Type: | Package |
Title: | Robust Bayesian Longitudinal Regularized Semiparametric Mixed Models |
Version: | 0.1.1.1 |
Date: | 2025-01-29 |
Description: | Our recently developed fully robust Bayesian semiparametric mixed-effect model for high-dimensional longitudinal studies with heterogeneous observations can be implemented through this package. This model can distinguish between time-varying interactions and constant-effect-only cases to avoid model misspecifications. Facilitated by spike-and-slab priors, this model leads to superior performance in estimation, identification and statistical inference. In particular, robust Bayesian inferences in terms of valid Bayesian credible intervals on both parametric and nonparametric effects can be validated on finite samples. The Markov chain Monte Carlo algorithms of the proposed and alternative models are efficiently implemented in 'C++'. |
Depends: | R (≥ 4.2.0) |
License: | GPL-2 |
Encoding: | UTF-8 |
URL: | https://github.com/kunfa/Blend |
LinkingTo: | Rcpp, RcppArmadillo |
Imports: | Rcpp, splines, stats, ggplot2 |
RoxygenNote: | 7.3.2 |
NeedsCompilation: | yes |
Packaged: | 2025-01-29 21:22:57 UTC; kunfan |
Author: | Kun Fan [aut, cre], Cen Wu [aut] |
Maintainer: | Kun Fan <kfan@ksu.edu> |
Repository: | CRAN |
Date/Publication: | 2025-01-29 21:40:06 UTC |
Robust Bayesian Longitudinal Regularized Semiparametric Mixed Model
Description
In this package, we further extend the sparse robust Bayesian mixed models to nonlinear longitudinal interactions.
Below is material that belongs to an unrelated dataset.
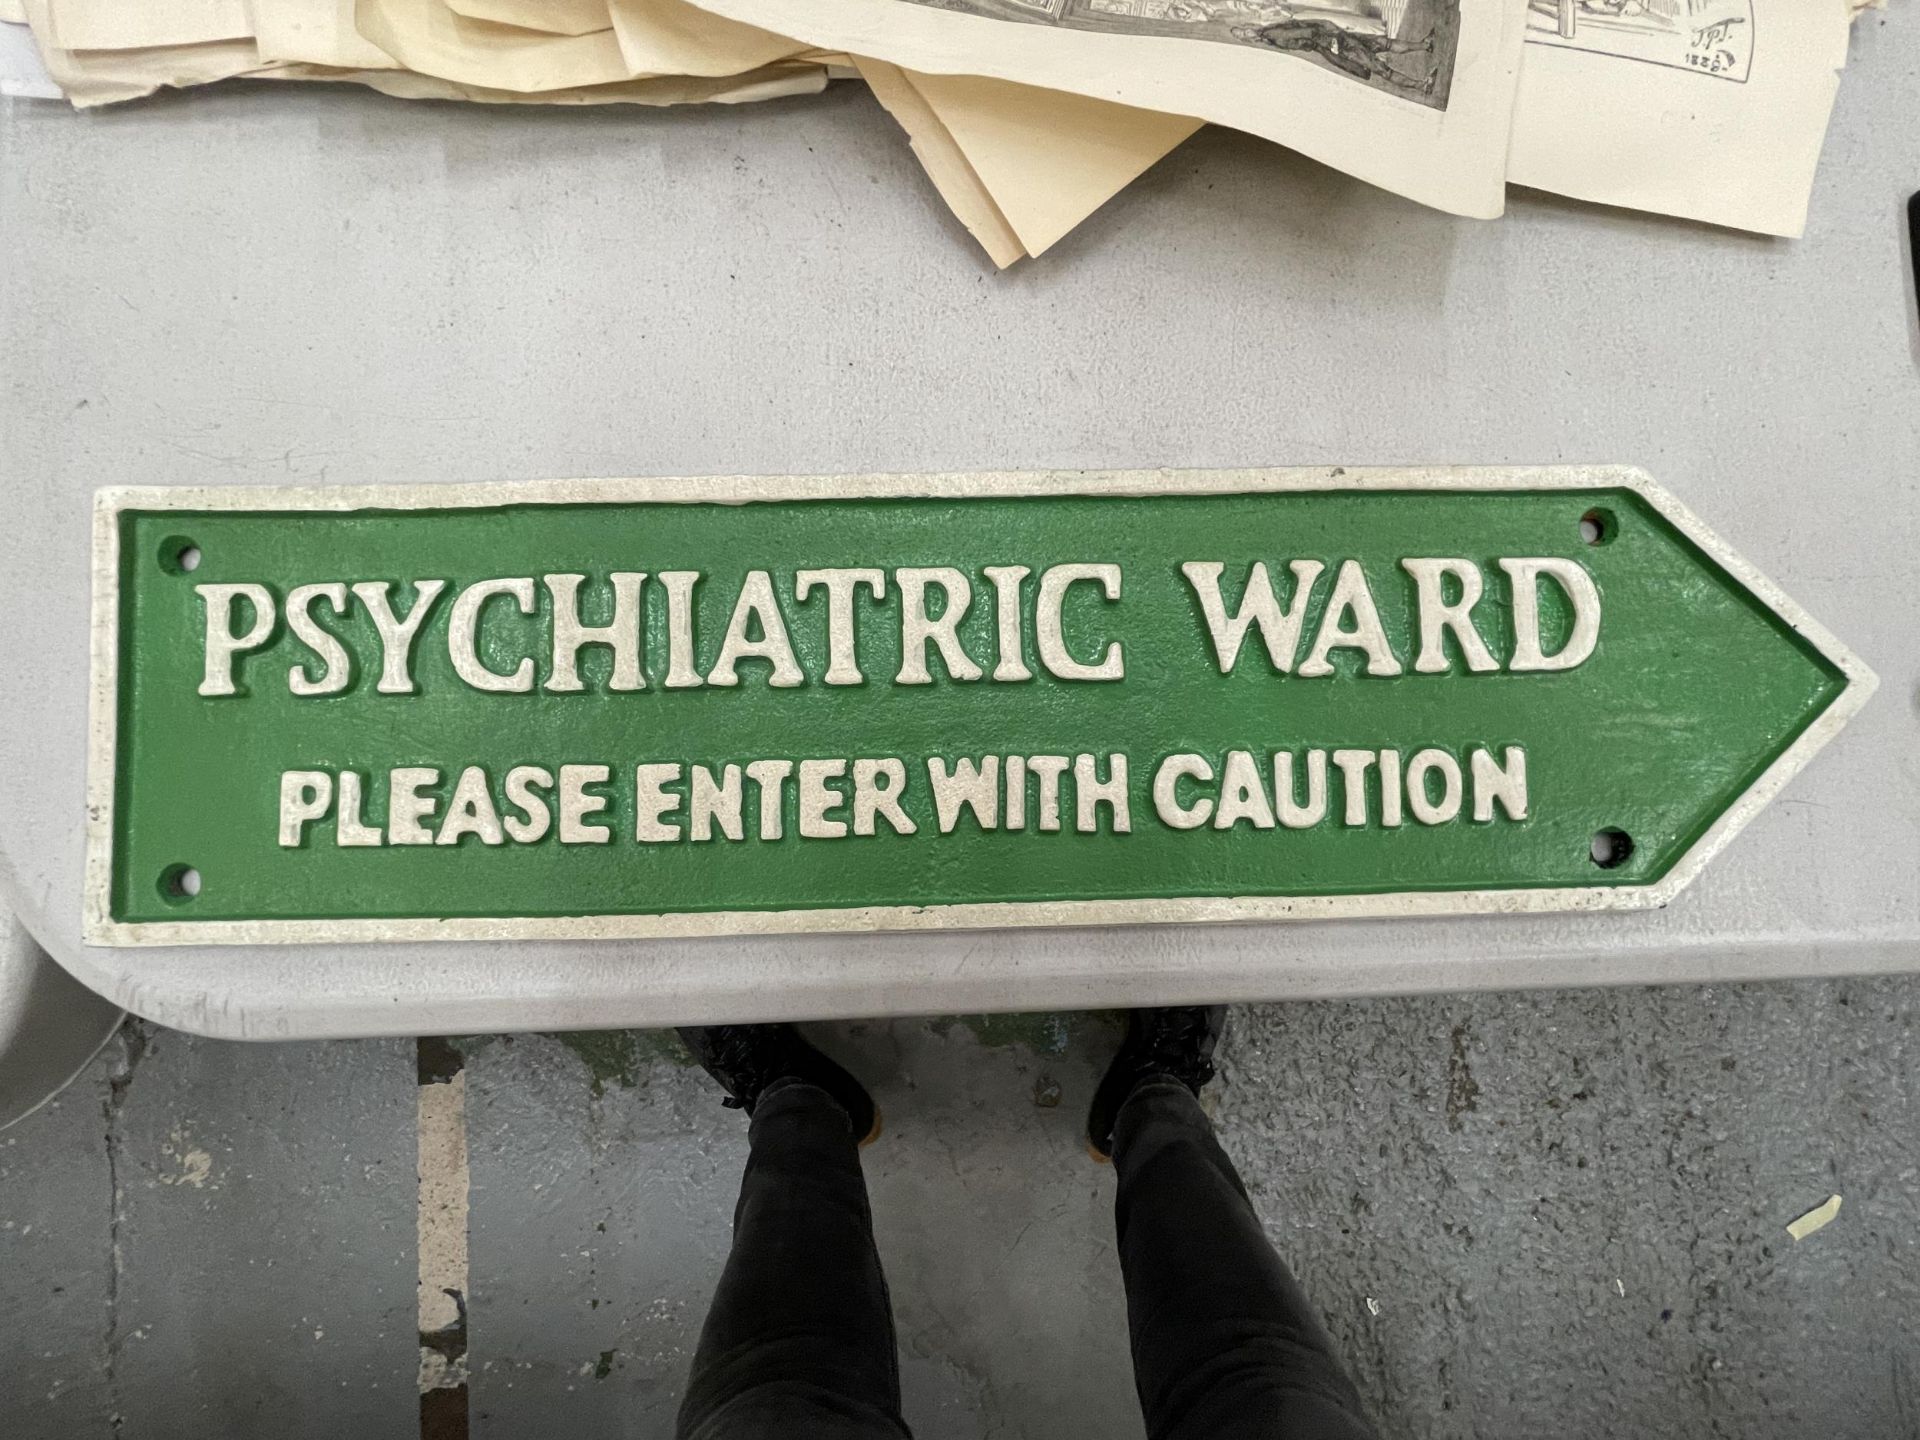 A CAST 'PSYCHIATRIC WARD' SIGN
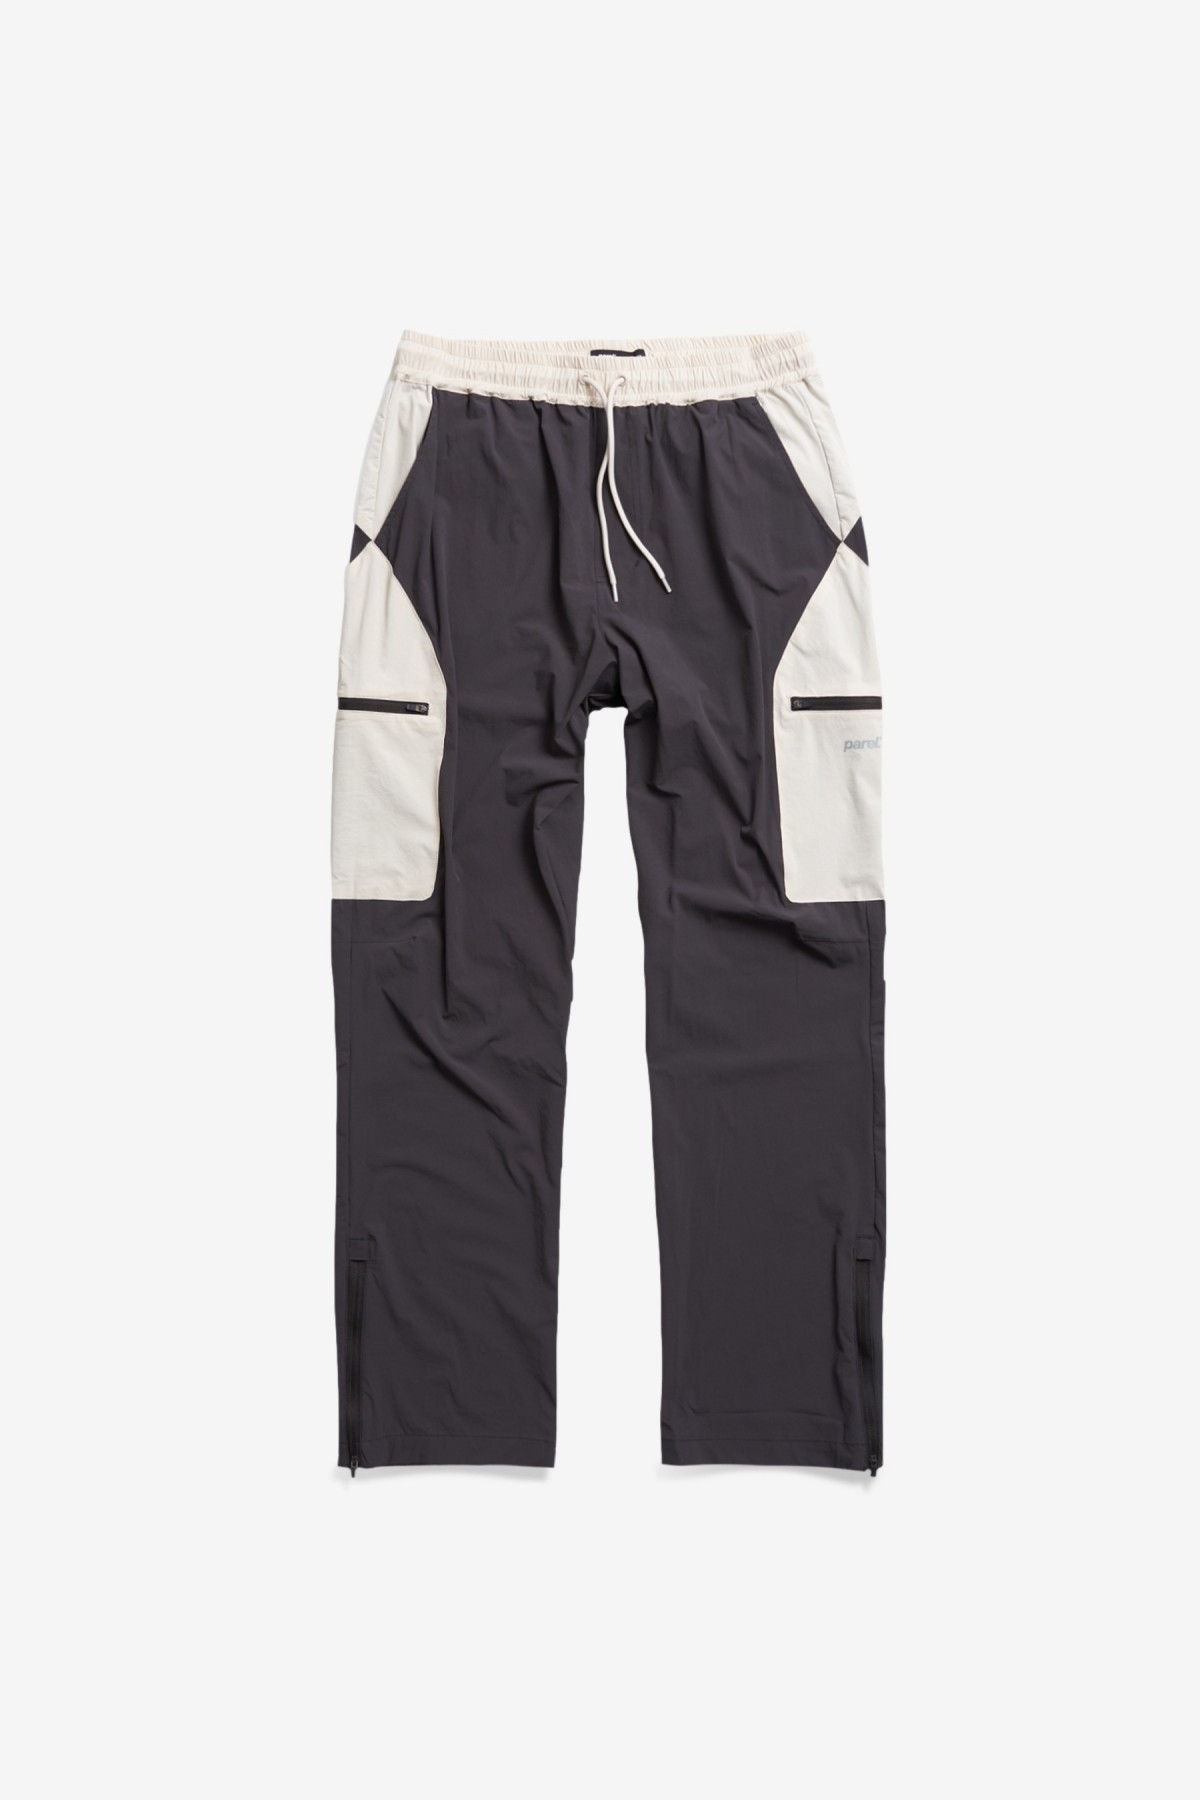 Parel Vinson Pants in Ash/Cream

Specifically, the proposed Bayesian semiparametric model is robust not only to outliers and heavy‐tailed distributions of the response variable, but also to the misspecification of interaction effect in the forms other than non-linear interactions. We have developed the Gibbs sampler with the spike‐and‐slab priors to promote sparse identification of appropriate forms of main and interaction effects. In addition to the default method, users can also choose different selection structures for separation of constant and varying effects or not, methods without spike–and–slab priors and non-robust methods. In total, Blend provides 8 different methods (4 robust and 4 non-robust) under the random intercept and slope model. All the methods in this package are developed for the first time. Please read the Details below for how to configure the method used.
Details
The user friendly, integrated interface Blend() allows users to flexibly choose the fitting methods by specifying the following parameter:
robust: | whether to use robust methods for modelling. |
structural: | whether to incorporate structural identification(separation of constant and varying effects) . |
sparse: | whether to use the spike-and-slab priors to impose sparsity. |
The function Blend() returns a Blend object that contains the posterior estimates of each coefficients and other useful information for selection(). S3 generic functions selection() and print() are implemented for Blend objects. selection() takes a Blend object and returns the variable selection results.
References
Fan, K., Ren, J., Ma, Shuangge and Wu, C. (2025+). Robust Bayesian Regularized Semiparametric Mixed Models in Longitudinal Studies. (submitted)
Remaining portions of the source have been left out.